Krol's visit was more than an old-home week for a Polish-American cardinal. In 1966, when Poland celebrated its 1,000th anniversary, both Krol and Pope Paul VI were denied permission to visit the country. Krol's welcome now is just one sign of a thaw between Poland's government and the Roman Catholic Church. On two fronts, those relations seem to be getting better. Last summer the Vatican appointed six longtime Polish administrators as the regular bishops of dioceses in former German territories, thus recognizing the Oder-Neisse line that West Germany had acknowledged in its 1971 treaty with Poland. On the home front, Party Chief Edward Gierek has accommodated the hierarchy by abolishing a law requiring bishops to keep inventories of all church assets, and by returning churches and convents in the former German territories to church ownership.

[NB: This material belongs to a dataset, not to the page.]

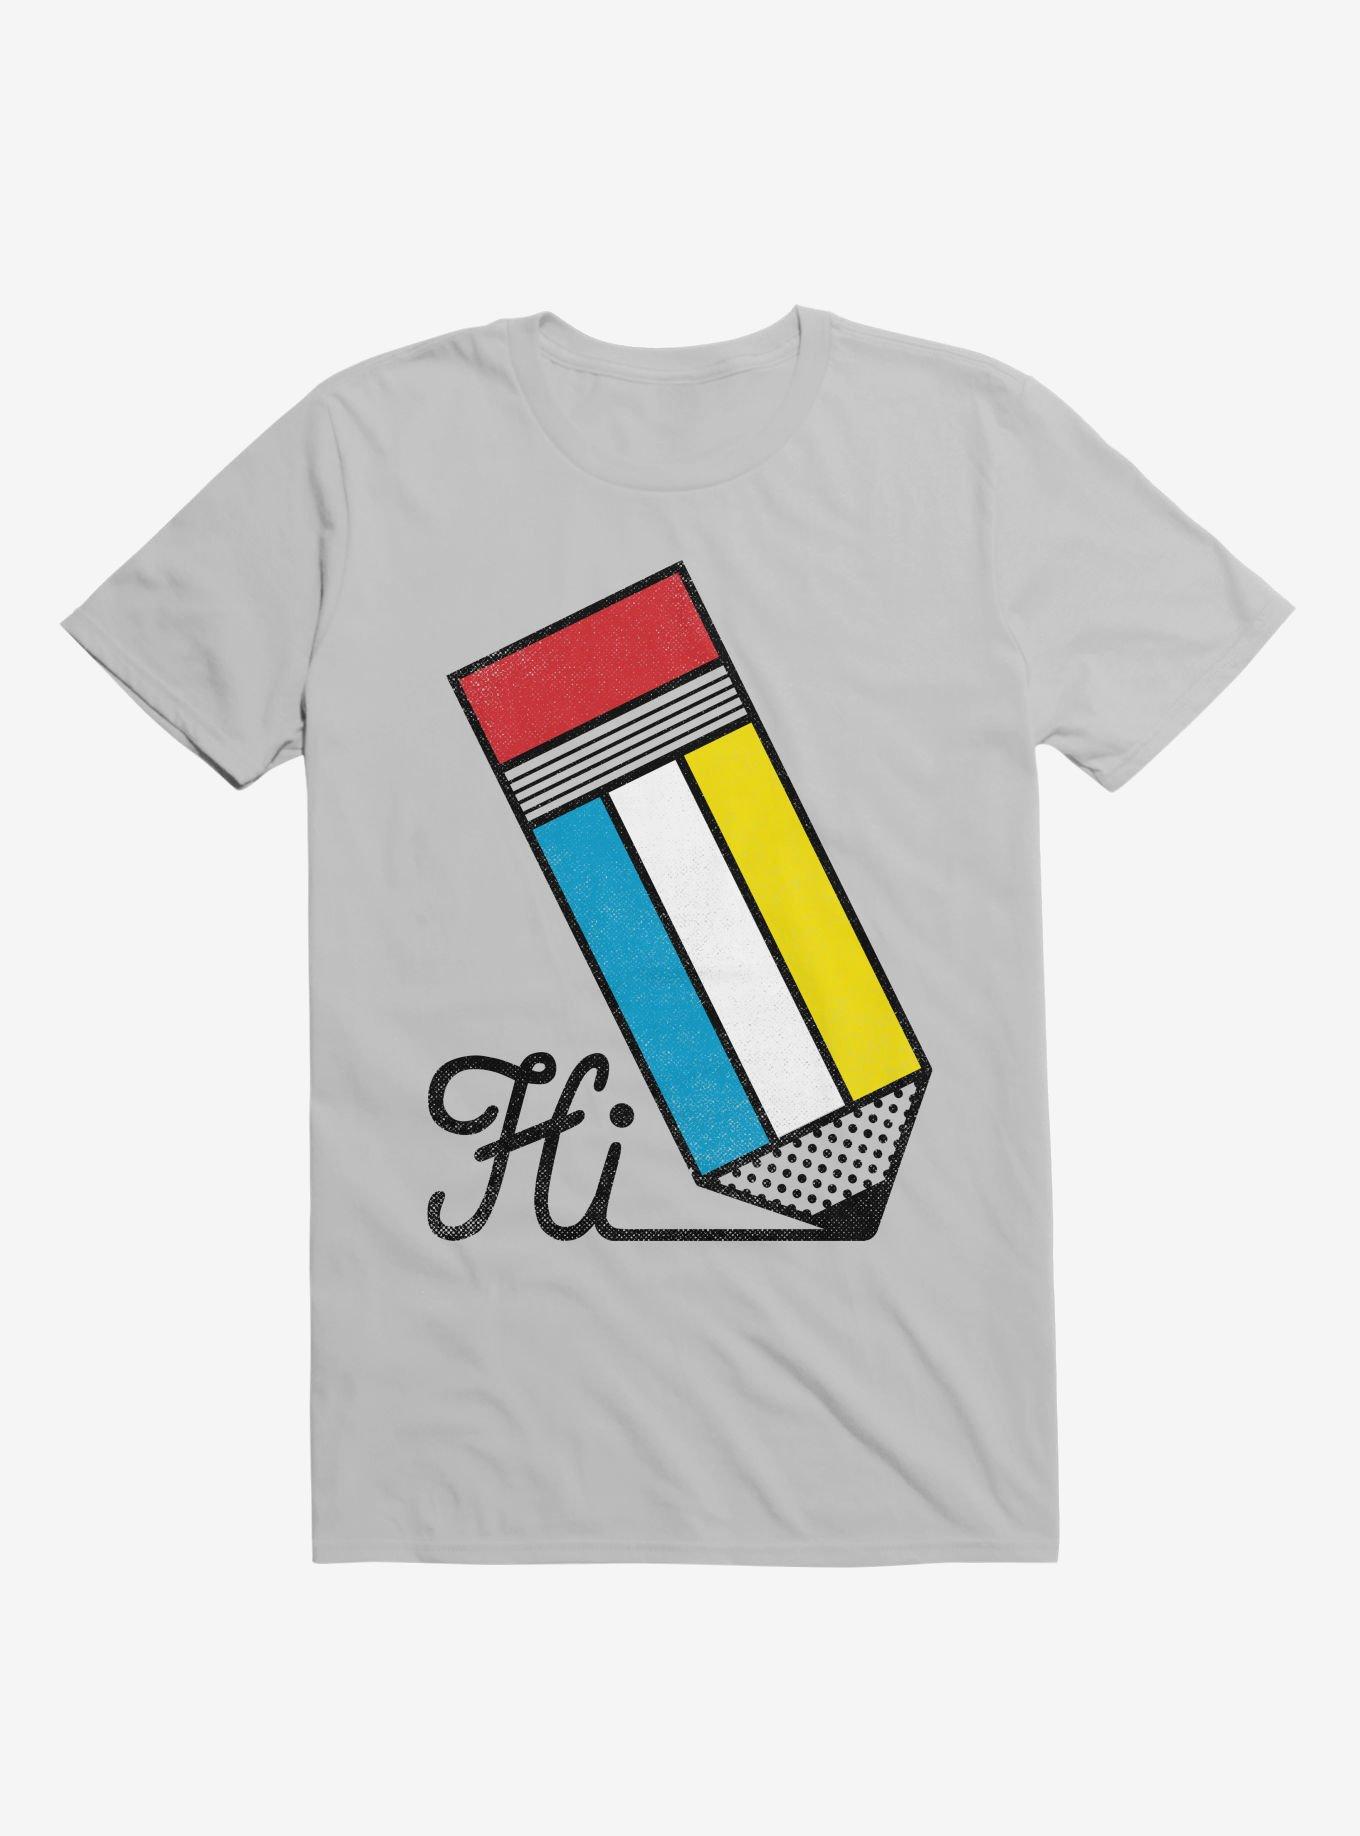 Mondrian Greeting #2 Silver T-Shirt - SILVER | Hot Topic
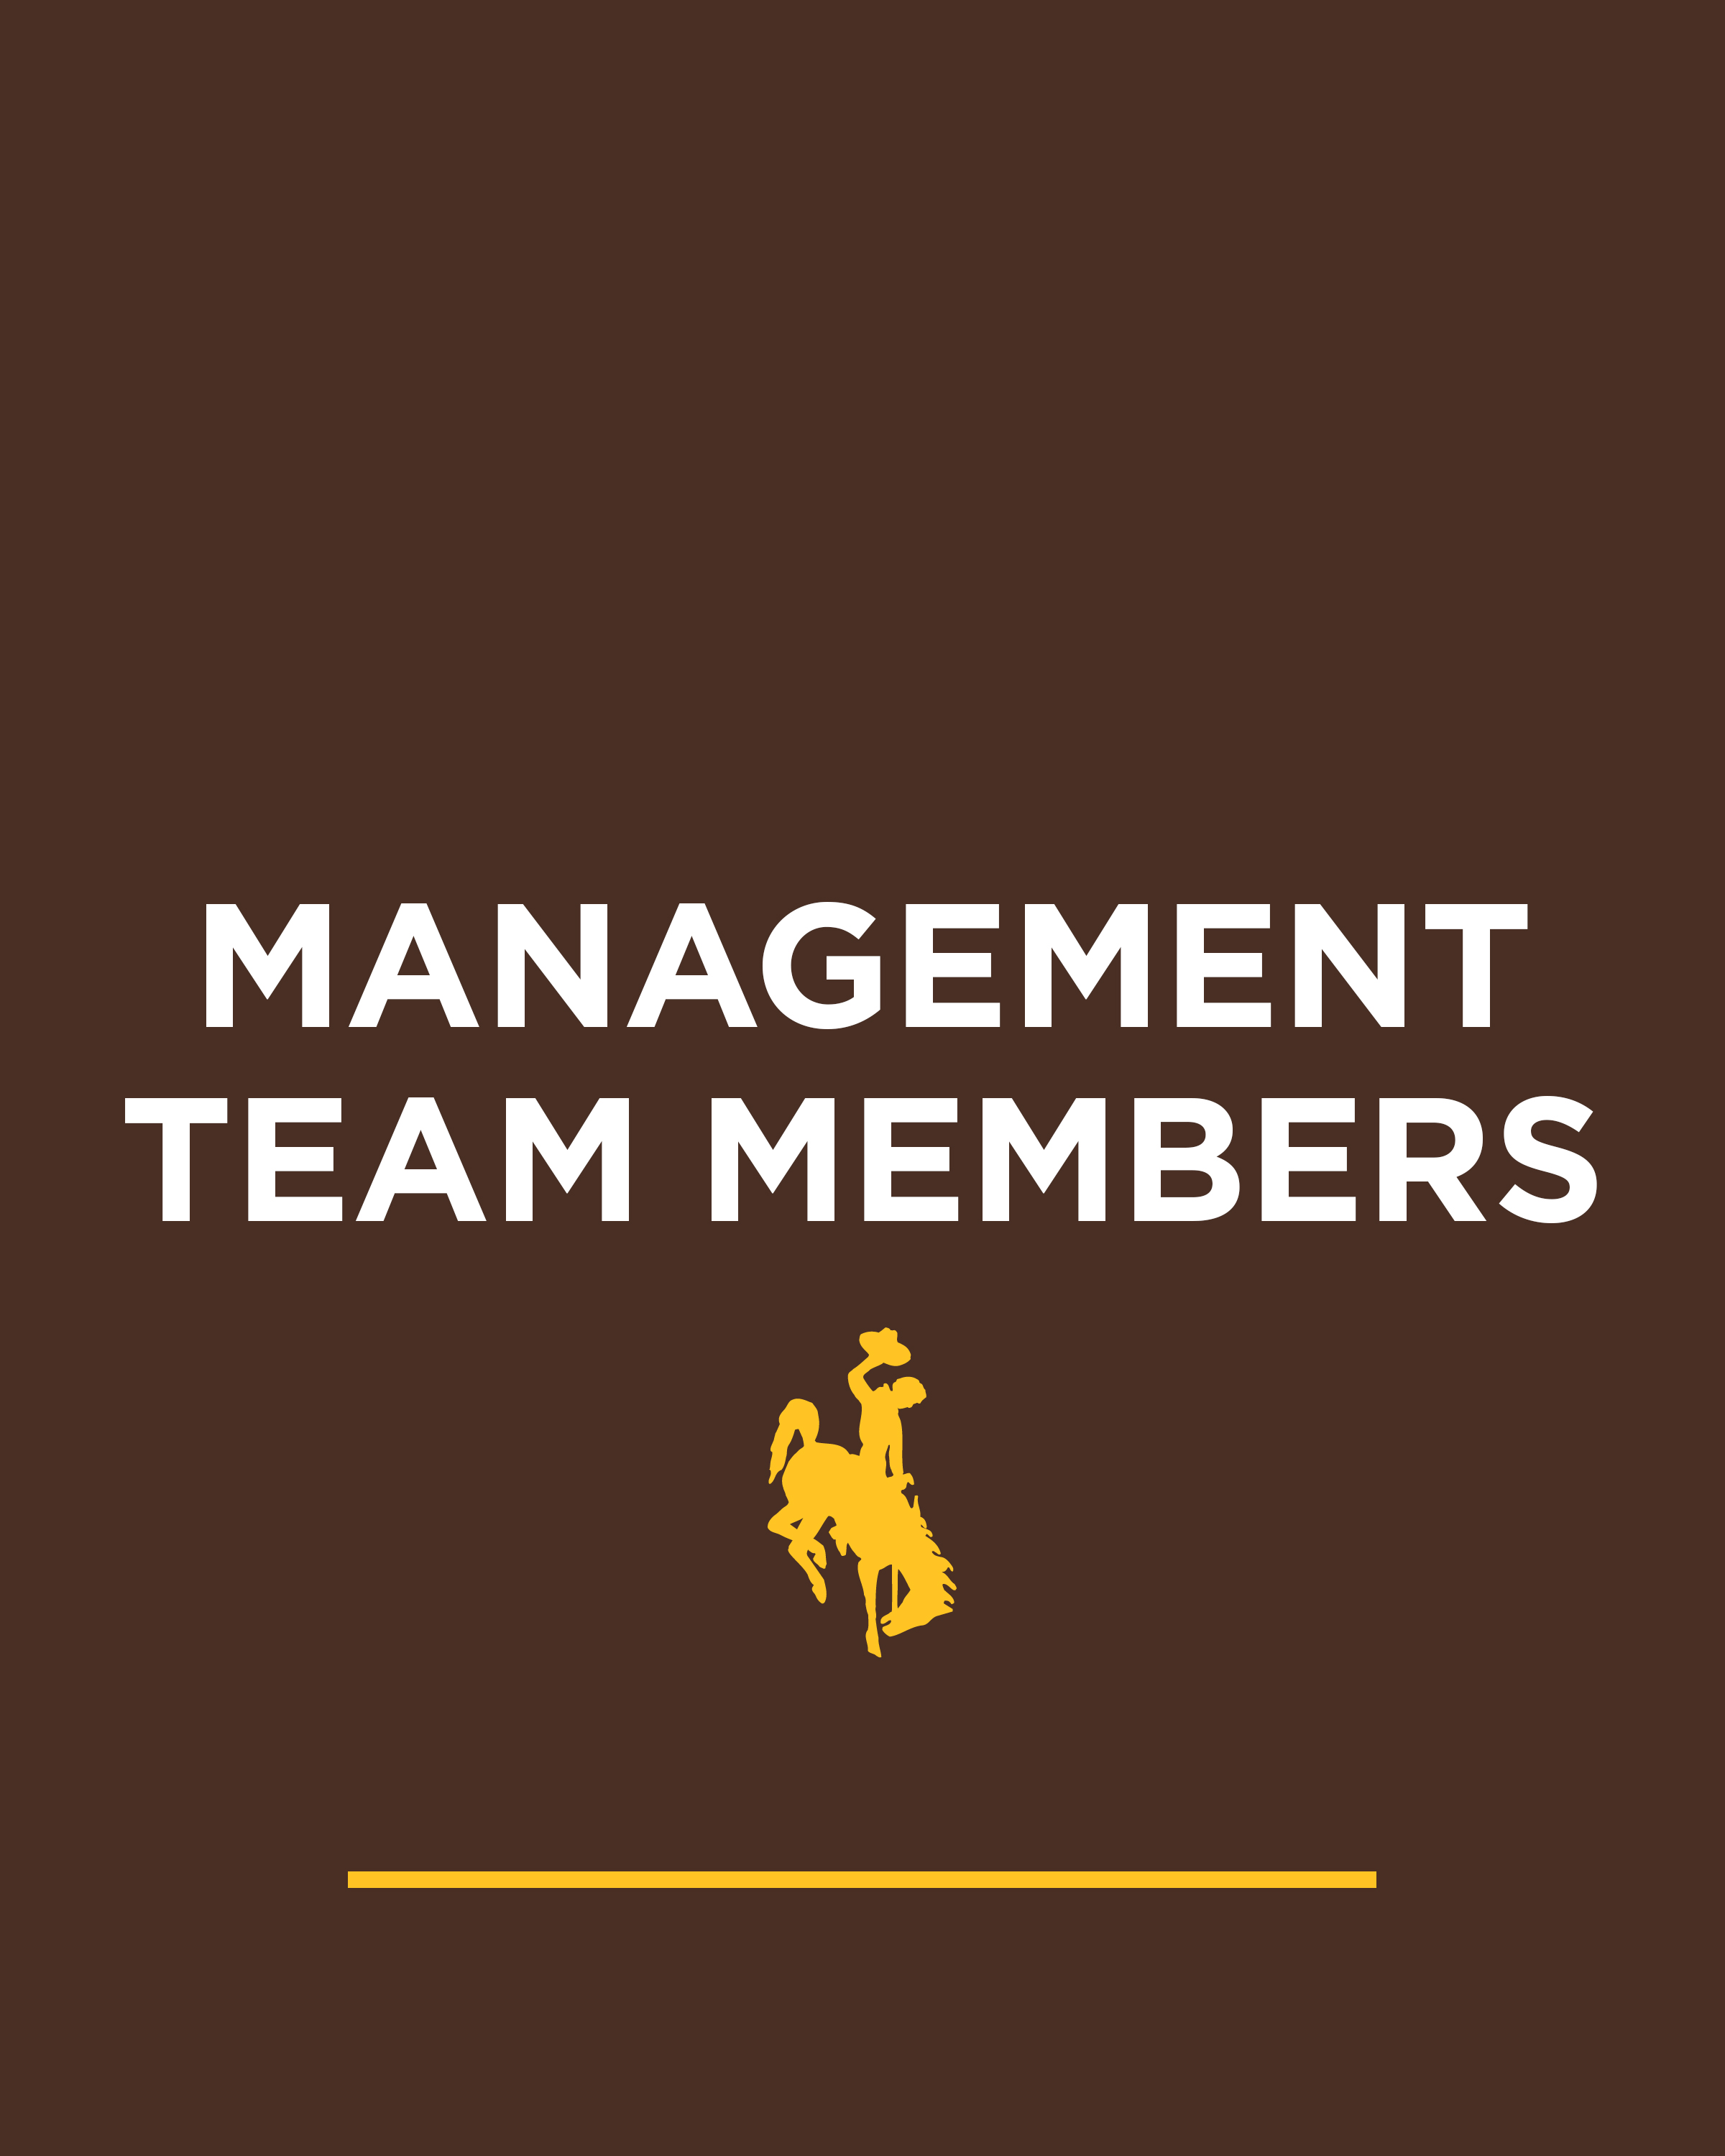 Management Staff

Cardinal Wyszynski--whom Krol has invited to visit the U.S.--is still not happy with the building permits that he has been able to scratch up from the authorities for new churches. Only 37 are currently authorized, though some Polish parishes must run Masses all day long on Sundays to accommodate the crowds. An invitation to Pope Paul VI to visit Poland seems still some distance in the future, since it could embarrass the government by revealing the strength of Polish Catholicism.